Some countries of Central and Eastern Europe have recently joined the European Union, such as Lithuania and Poland, while others are planning to do it in the near future. However, in order to transform the former planned economies into really mixed economies, countries of Eastern Europe must increase sharply the levels of productivity and competitiveness of their economies. Special adjustments should be made in agriculture, tax system and in the system of social security.

Economists think that the single currency will increase trade integration, as well as labour mobility in the euro-zone. The introduction of the new currency and participation of different countries in integrated European financial markets should reduce any risks in business transactions and lead to more efficient European finance, promote both European political and economic integration.

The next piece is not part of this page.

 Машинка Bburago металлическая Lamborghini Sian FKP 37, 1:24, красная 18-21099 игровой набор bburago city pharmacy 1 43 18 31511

Globalization at a business level means that a company has decided to participate in the global economy and it is going to establish its subsidiaries in foreign markets. However, a company will have to adjust its products or services to the consumers' requirements in a foreign country. Nowadays any company may do e-business using the Internet services in order to attract wider clientele.

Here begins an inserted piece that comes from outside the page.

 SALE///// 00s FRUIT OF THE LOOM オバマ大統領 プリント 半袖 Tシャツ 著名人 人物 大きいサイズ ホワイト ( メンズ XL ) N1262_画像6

Text 8 - modern management structure

A company, whether private or public, is governed by a Board of Directors, which comprises between two and a dozen top-managers. The directors are generally elected or appointed by the shareholders to run the business on their behalf with the objective to achieve satisfactory profits, for a large enterprise may have hundreds or thousand of shareholders and it would therefore be impracticable, if not impossible, to consult each one every time that a decision has to be taken. In a way, the Board is the ‘watch-dog’ of the shareholders’ interests; it is trustee of the funds invested by them in the company and it is responsible for ensuring the proper application of those funds. The Board is also answerable for formulating the policy, which will best enable the company to achieve its objectives, for ensuring that the laid down policy is implemented and adhered to, and for making any amendment to the policy, which may be necessary from time to time. The Board must be kept informed of all financial matters related to the business, it must ensure that sufficient finance - working capital - is available, and must sanction capital expenditure. In addition, the Board is responsible for ensuring that the enterprise operates in accordance with the legal and statutory requirements of the country where it works.

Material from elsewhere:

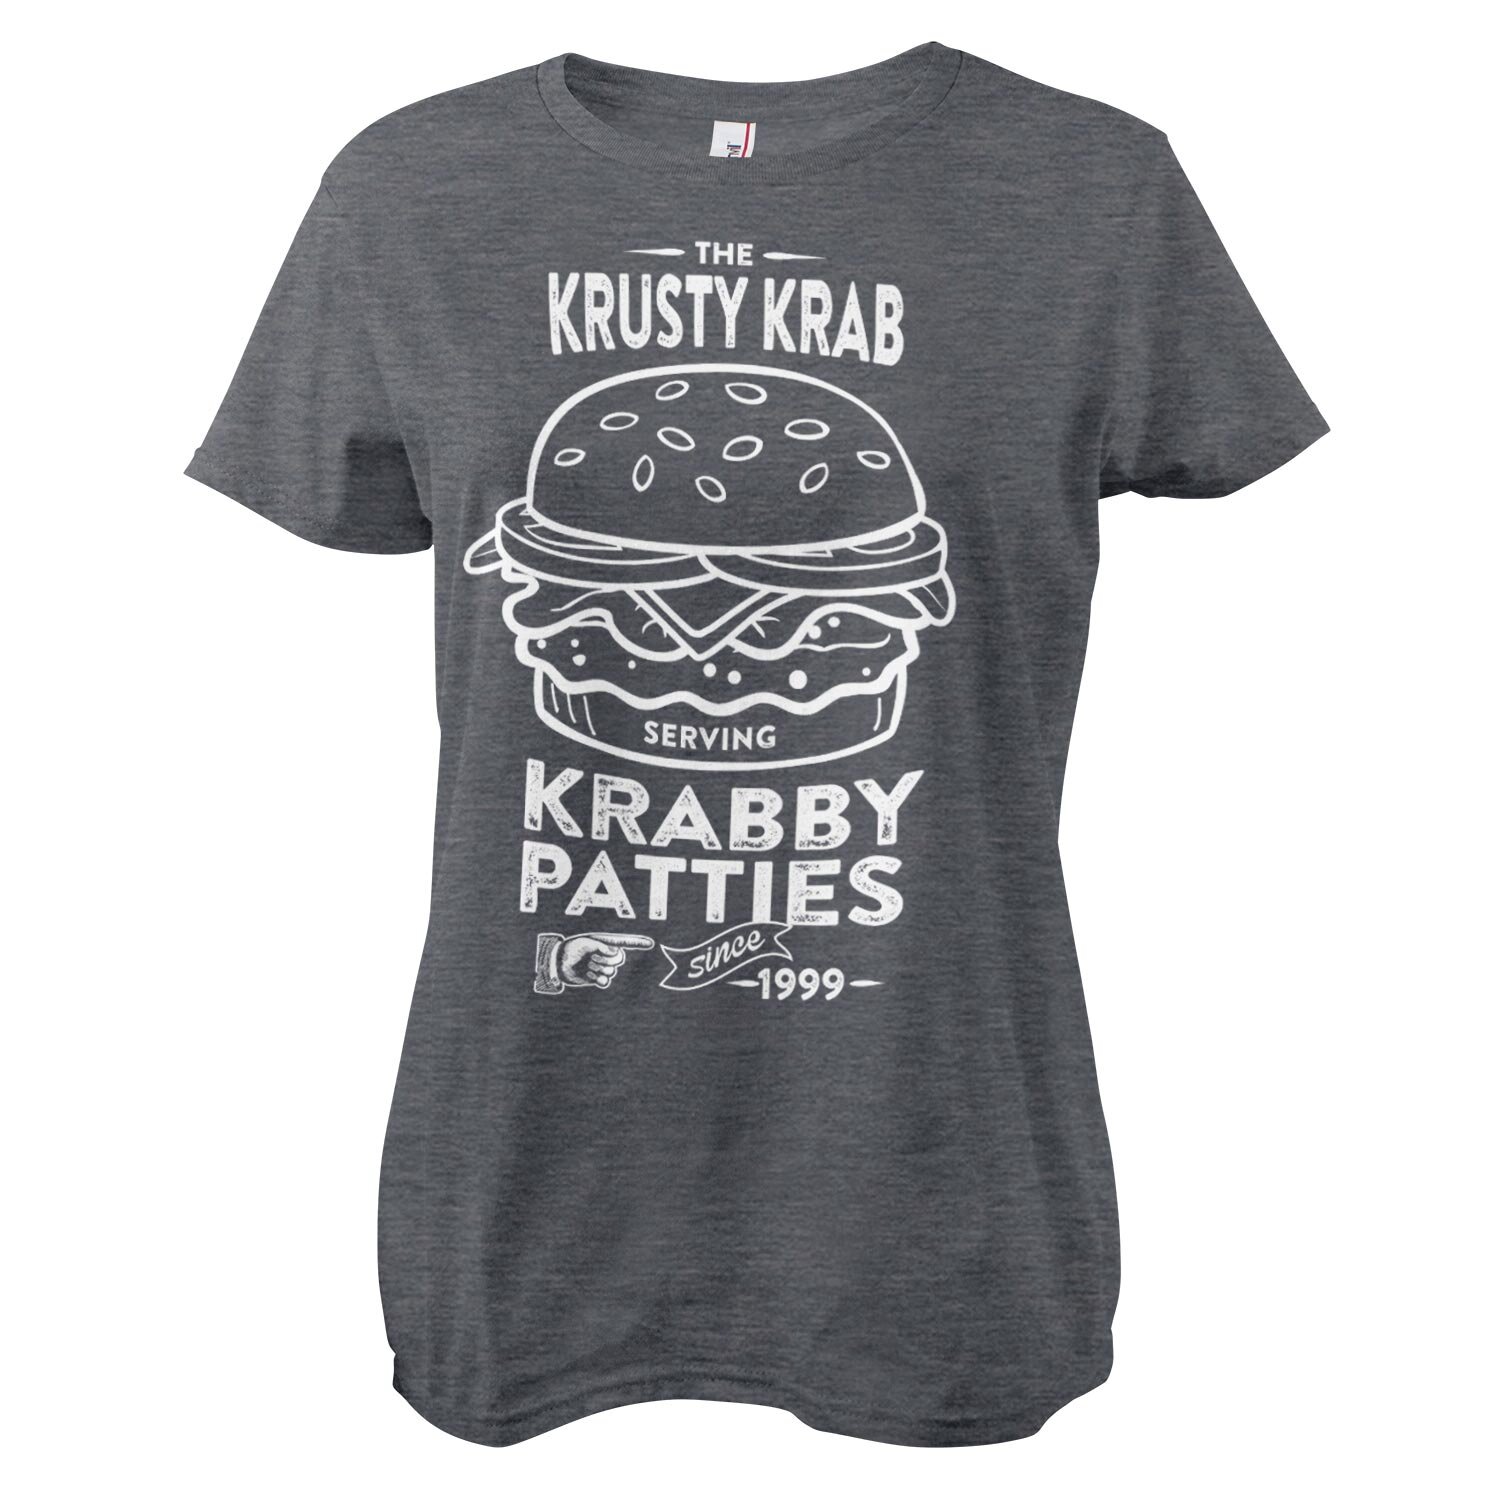 The Krusty Krab Serving Krabby Patties Girly Tee

The Chairman of the Board (or the President) is a director elected to the post, in theory by other directors and sometimes by the shareholders. In practice the Chairman may be a principle shareholder or have strong political and financial connections, or be elected because of his knowledge, experience, natural leadership abilities, entrepreneurship, popularity, seniority or for some other special qualities. The Chairman also represents the company in the bodies of the government, press conferences, etc., and he is unlikely to hold an executive position, enabling him to devote his time and energies to matters, which concern top management.

Executive Directors work full-time for the company, and are therefore in constant touch with the activities of their respective department in addition to being involved with the affairs of the board. Nevertheless, as heads of a department an executive director assumes personal responsibility for running his branch of the business and for implementing the policy and decisions of the board relating to it. The advantage of having ‘specialist’ executive directors readily available for discussion and consultation can be offset by the fact that they may be limited in their overall view or knowledge of the company.

Executive officers (colloquially called ‘executives’) are classed into chief and senior executives, middle managers and supervisors. Senior Executive Officers, or Chief Executive Officers (typically abbreviated to CEO), are most of the time divisional or departmental managers. Middle managers are subordinates and assistants to senior managers in charge of certain specific activities, and they execute control over supervisors (foremen and junior managers) who in turn direct the actually working lower staff members.